Tout est question de nombre

«La Suisse est petite et la pointe est étroite. C’est donc un fait concret nous avons toujours vécu avec quelques exceptions. Alors qu’en Suisse on trouve une douzaine de jeunes avec un handicap positif, on en compte des centaines en Angleterre ou en Suède ces deux pays servent souvent de références. Nos meilleurs joueurs n’ont que très peu de concurrence dans leur propre pays et ils sont certains d’avoir leur place dans l’équipe nationale. Ils n’ont pas besoin de se battre. Même si je ne trouve pas cela bien, je ne peux rien y changer».

Mais comment pourrait-on élargir la base? Sur ce sujet également, Markus Gottstein est catégorie: «c’est le travail réalisé dans les clubs qui est décisif. Dans la mesure de ses moyens, l’ASG essaie de soutenir les clubs et leurs responsables juniors. Mon sentiment est que l’engagement dans les clubs de ces hommes et ces femmes dans le soutien aux juniors n’est pas suffisamment reconnu et encouragé. Le suivi des espoirs dans les clubs est un travail intensif qui nécessite beaucoup de déplacements dans les tournois, si bien qu’une reconnaissance est indispensable. Il est vraiment regrettable que le problème des juniors soit négligé dans certains endroits.»

Réellement, est-ce que les juniors d’aujourd’hui, qui sont les membres de demain, sont vraiment importants pour les clubs? «On ne voit malheureusement pas les choses comme ça partout. Et ce n’est donc pas un hasard si les meilleurs juniors garçons ou filles sont issus des mêmes clubs depuis quelques années. Heureusement, les classements du Credit Suisse Junior Tour montrent que la base s’élargit gentiment.»

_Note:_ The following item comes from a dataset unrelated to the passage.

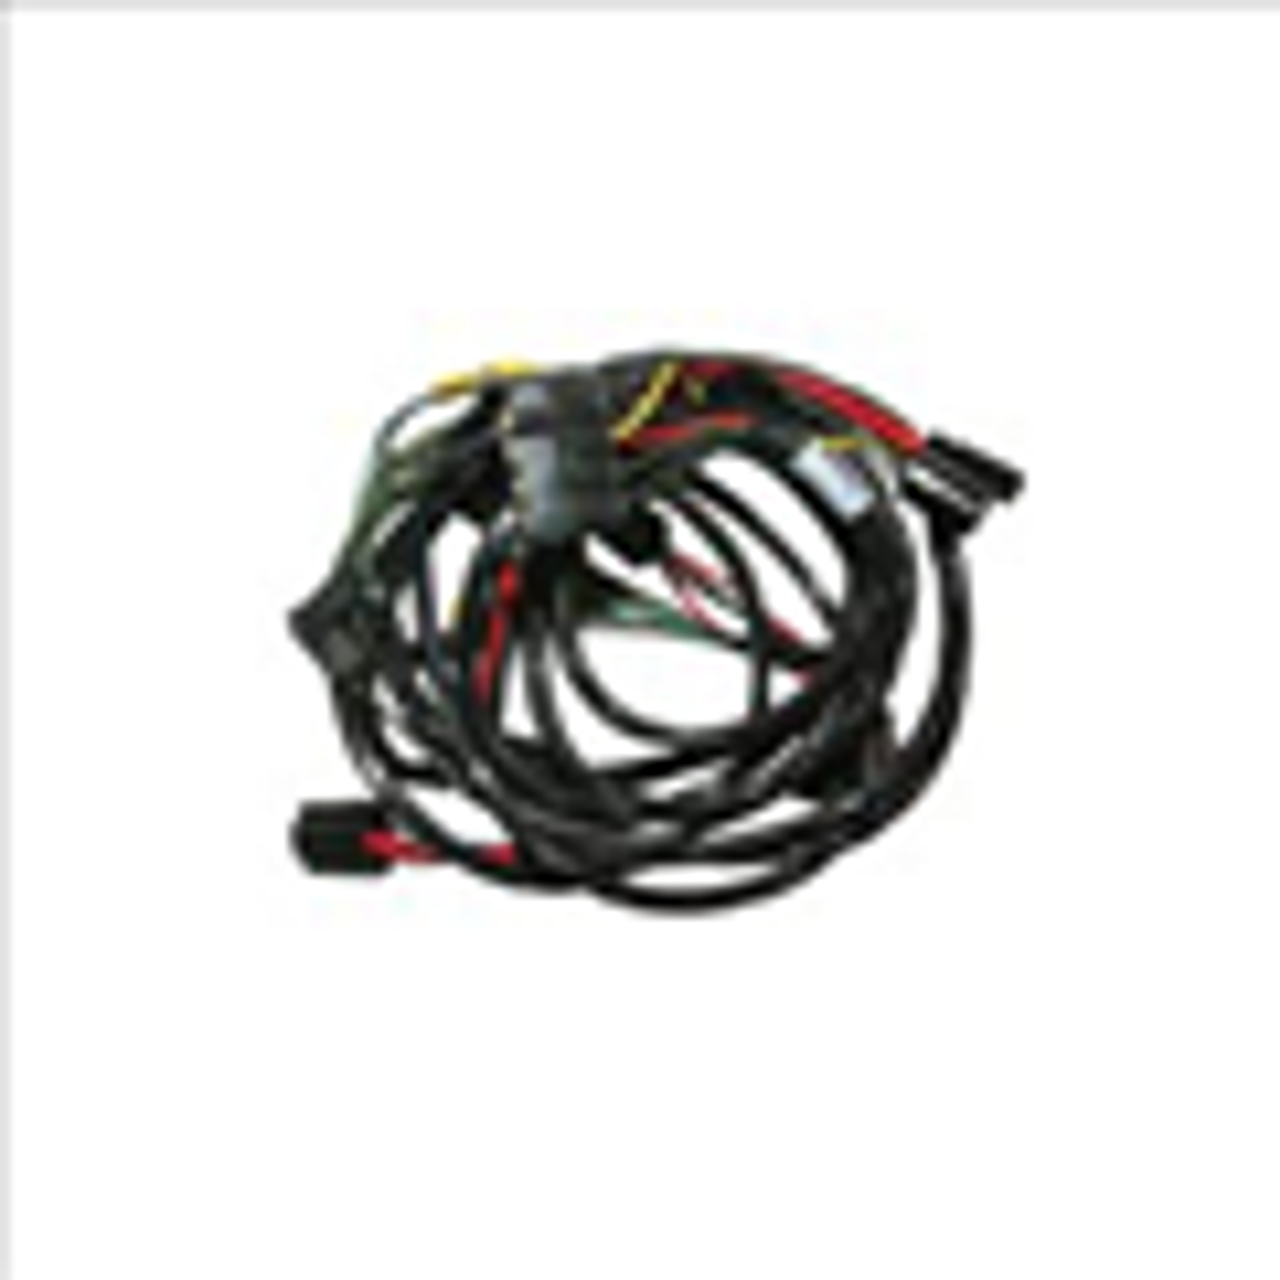 1974 dodge challenger wiring harness hu323e  74  1974  wiring harness  engine harness  e body cuda  wiring harness  engine harness  e body
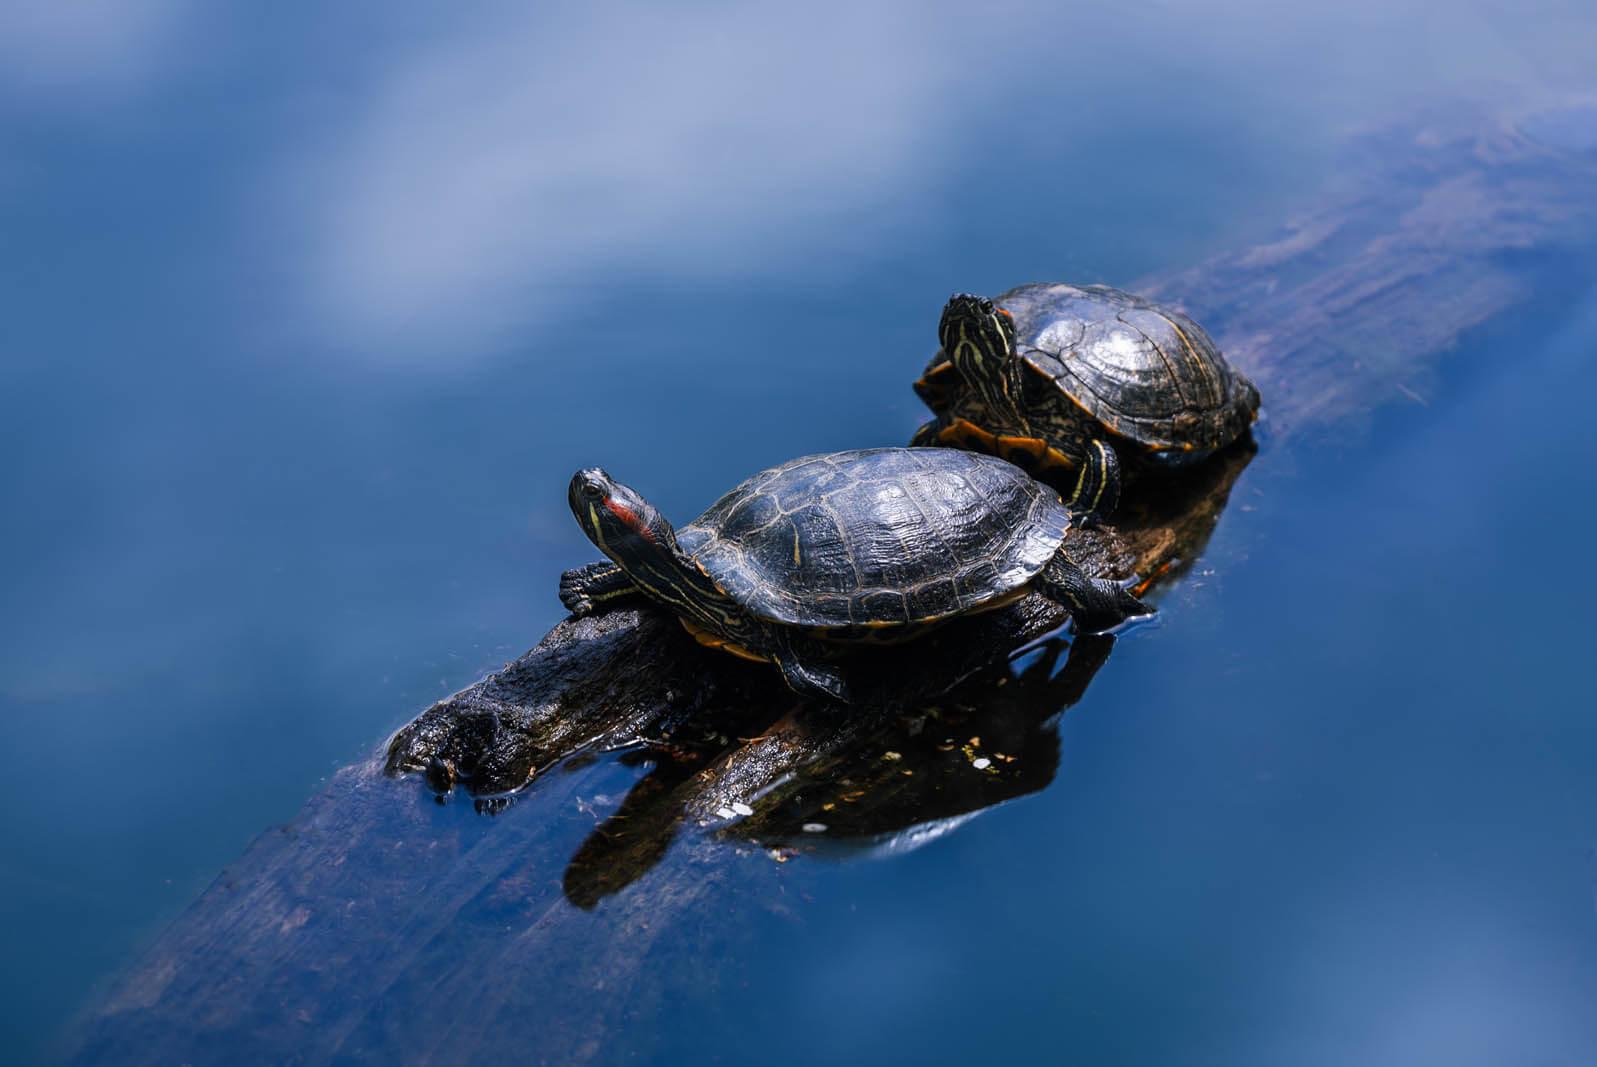 Turtles sunbathing in Prospect Park in Brooklyn

«Dans les tournois de clubs, on doit malheureusement constater que les jeunes disputent essentiellement des formules stableford. C’est une mauvaise préparation en vue des championnats disputés sur le plan international: car dans ces compétitions-là, on joue la qualification en strokeplay, avant de terminer en matchplay. Ces deux formules de jeu devraient être beaucoup plus utilisées dans les clubs ce serait une mesure facile à adopter pour soutenir les jeunes. Car ce n’est que de cette manière que les garçons et les filles apprendront à se battre pour chaque coup, établiront un «game plan» et adapteront leur jeu aux spécificités d’un parcours».

Qui ira à Crans? Ordre du Mérite…

D’un point de vue technique, le niveau des meilleurs amateurs suisses s’est amélioré ces dernières années. Nous avons aujourd’hui de nombreux golfeurs avec un fond solide; c’est très important, car sur la durée, une technique perfectible conduit immanquablement à l’échec. «Par chance, on assiste à des progrès sensibles à tous les niveaux. Les responsables juniors ont une meilleure connaissance du jeu de golf, les pros dans les clubs sont davantage impliqués dans les entraînements, la formation continue de la Swiss PGA apporte également ses premiers fruits. Nos espoirs ont aujourd’hui, en règle générale, un bon grip, une position à l’adresse athlétique et une technique solide. C’est valable aussi bien pour les Boys que pour les Girls».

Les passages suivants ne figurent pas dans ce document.